The California Supreme Court on Wednesday refused to hear an appeal from convicted armed-robber Jose Luis Razo Jr., dealing another legal setback to the one-time Harvard University student/athlete.
Razo, whose rise from a modest La Habra barrio made him a symbol of hope for youth in his community, had argued that two Latinos were unfairly excluded as jurors on racial grounds at his 1989 trial in Orange County Superior Court in Santa Ana.
In August, the 4th District Court of Appeal in Santa Ana called Razo’s story a “sad tale” but rejected his contentions. And in a decision released Wednesday without comment, none of the seven justices on the state Supreme Court agreed to hear his appeal.
Razo’s attorney said she will probably appeal the case to the U.S. Supreme Court.
Razo, 25, is now serving time in Pelican Bay State Prison in Northern California. He was sentenced to more than 10 years in prison in August, 1989, after a jury found that he had committed six armed robberies in Orange County while on school break from Harvard.
A star football player and scholar at Servite High School in Anaheim, Razo had been an altar boy, was president of a Boys Club and received several scholarship offers. But Razo said after his arrest that he felt alienated and misunderstood at Harvard--and guilty over having abandoned his barrio for the upscale lifestyle of Cambridge, Mass.
“I’m a homeboy now,” Razo said in a 1987 jailhouse interview. “At Harvard, I didn’t fit in . . . I was confused.”
Razo contacted police himself in July, 1987, and admitted almost boastfully to officers that he had robbed several local businesses at gunpoint.
Razo’s attorney later maintained that the young man was covering for others and was high on PCP at the time of the confessions. But the taped admissions were allowed into evidence at his trial, and jurors said they played a key part in his conviction.
Told Wednesday of the Supreme Court’s decision, Razo’s court-appointed appellate attorney said the rejection was disappointing but predictable.
“I’m not surprised,” attorney Lynda Romero of San Diego said. “There are very few criminal or civil cases that the court decides to take in light of the heavy calendar, but we’re always hopeful.”
Deputy Atty. Gen. Holly Wilkens, who sought to uphold the verdict, said: “This doesn’t surprise me. . . . Other than the special status of the defendant, there was just nothing unique about the case. I was reasonably confident we were going to prevail.”

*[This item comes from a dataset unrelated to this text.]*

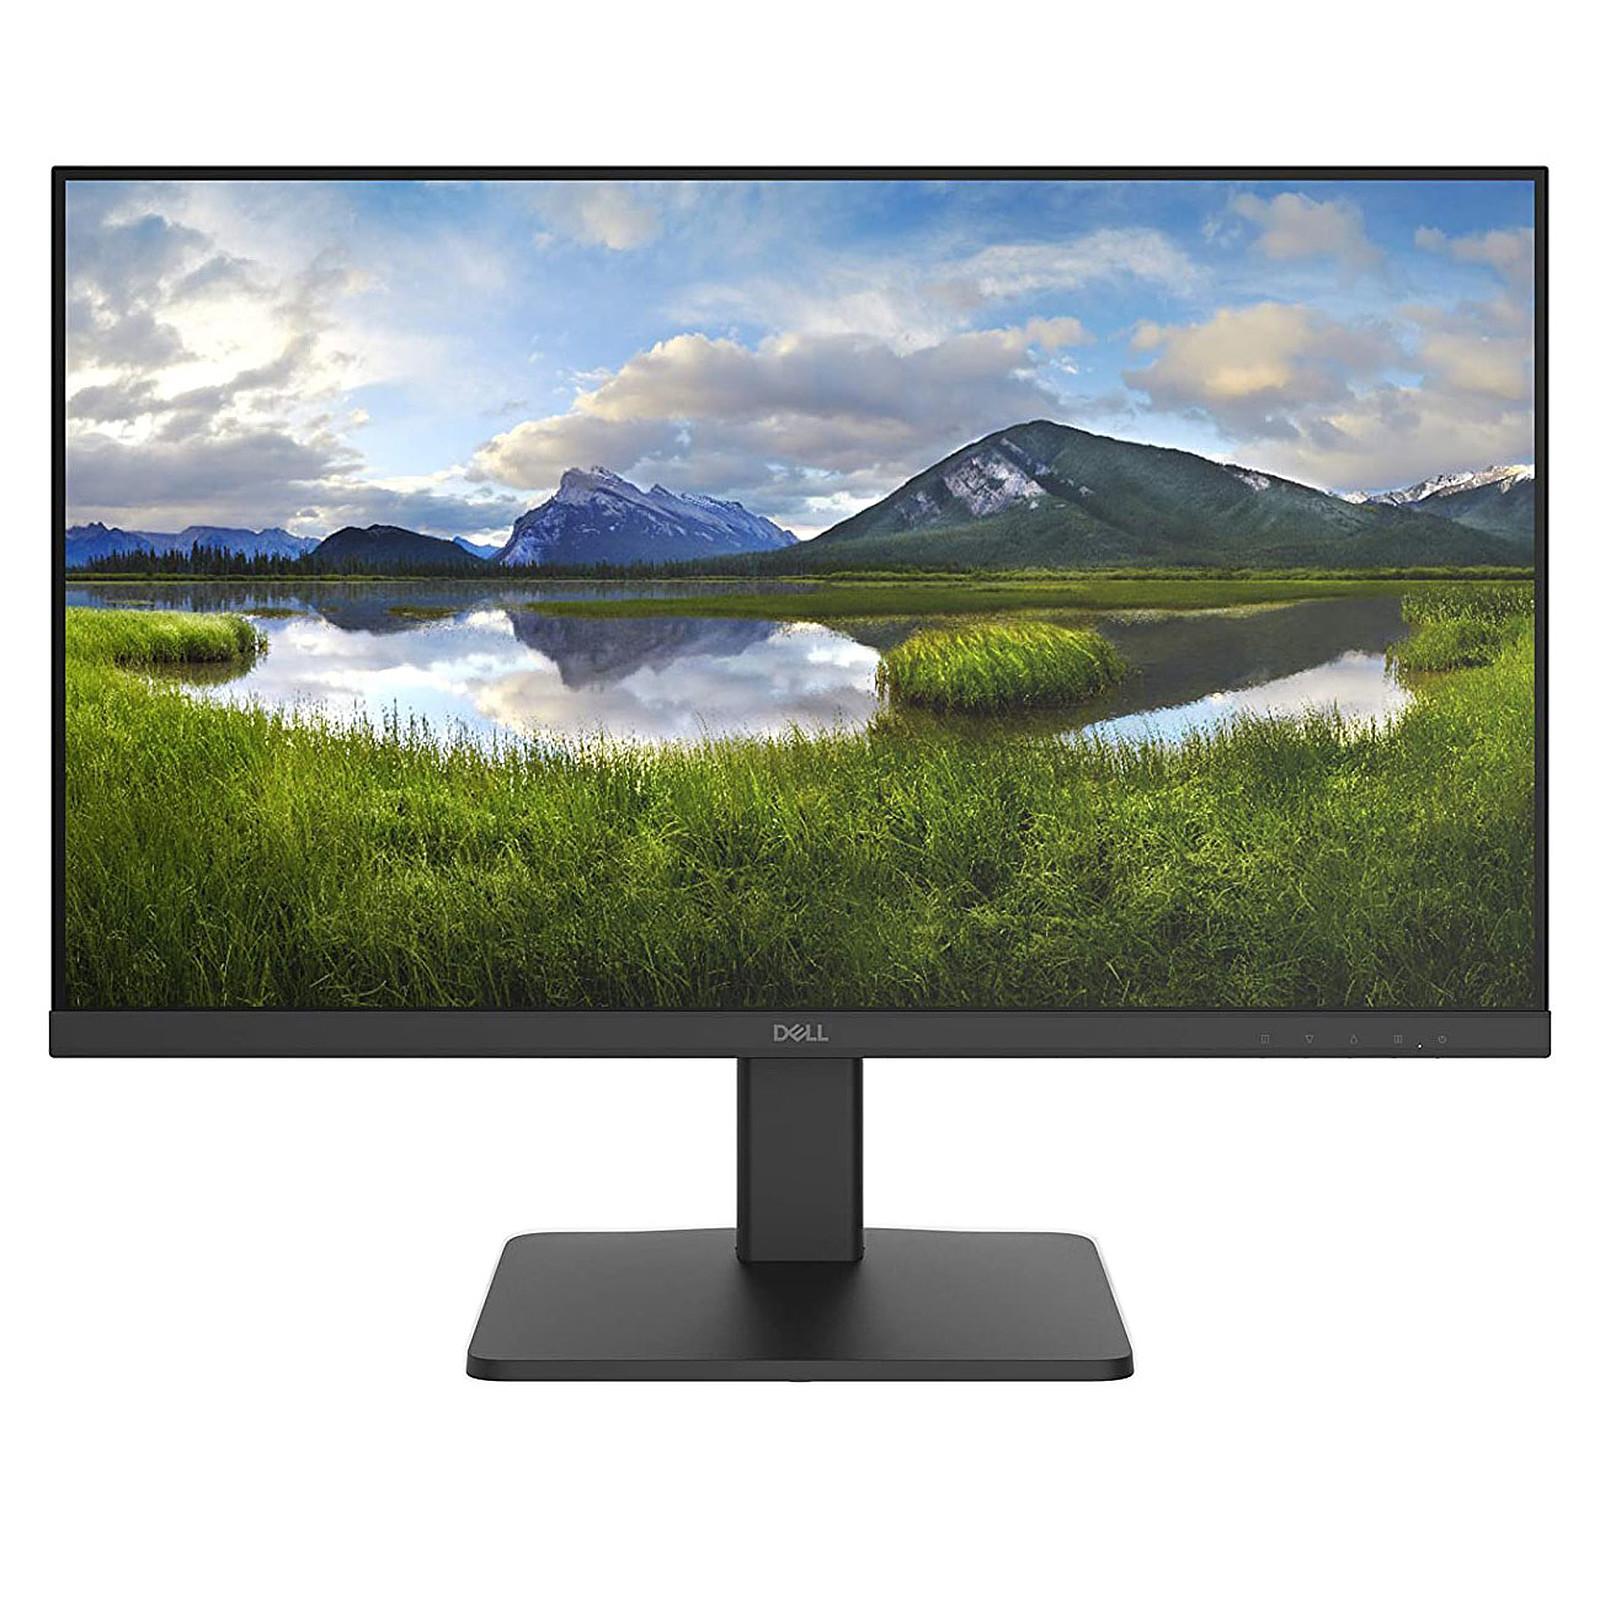 "Ecran PC 27"" Dell D2721H - Full HD, Dalle IPS, 75 Hz, 8 ms, HDMI, Fixation VESA"

Romero limited her Supreme Court petition to the question of jury selection.
The dispute began when Razo’s trial attorney, John Barnett, objected to the prosecutor’s dismissal of two potential jurors--both Latinos--through a peremptory challenge.
Lawyers are allowed to use their peremptory challenges to excuse potential jurors without giving a reason. But a 1978 state Supreme Court ruling in People vs. Wheeler concluded that lawyers cannot systematically bar members of a certain group.
At Razo’s trial, Judge Jean H. Rheinheimer said that if she found the Latinos had been unfairly excluded, her only option would be to declare a mistrial and dismiss the entire panel. The law affords no middle ground for merely reinstating the two Latinos, the judge said. And so, rather than starting anew, Barnett withdrew his objection, court records show.
The 4th District Court of Appeal upheld that ruling, but Romero on Wednesday said the handling of the Latino jurors was “ridiculous.”
“The prosecutor was allowed to excuse all of the Latino juror members, so Mr. Razo was convicted by an all-white jury,” Romero said. “This to me is such a critical issue that it should be taken to the (U.S.) Supreme Court, and that’s what I hope to do.”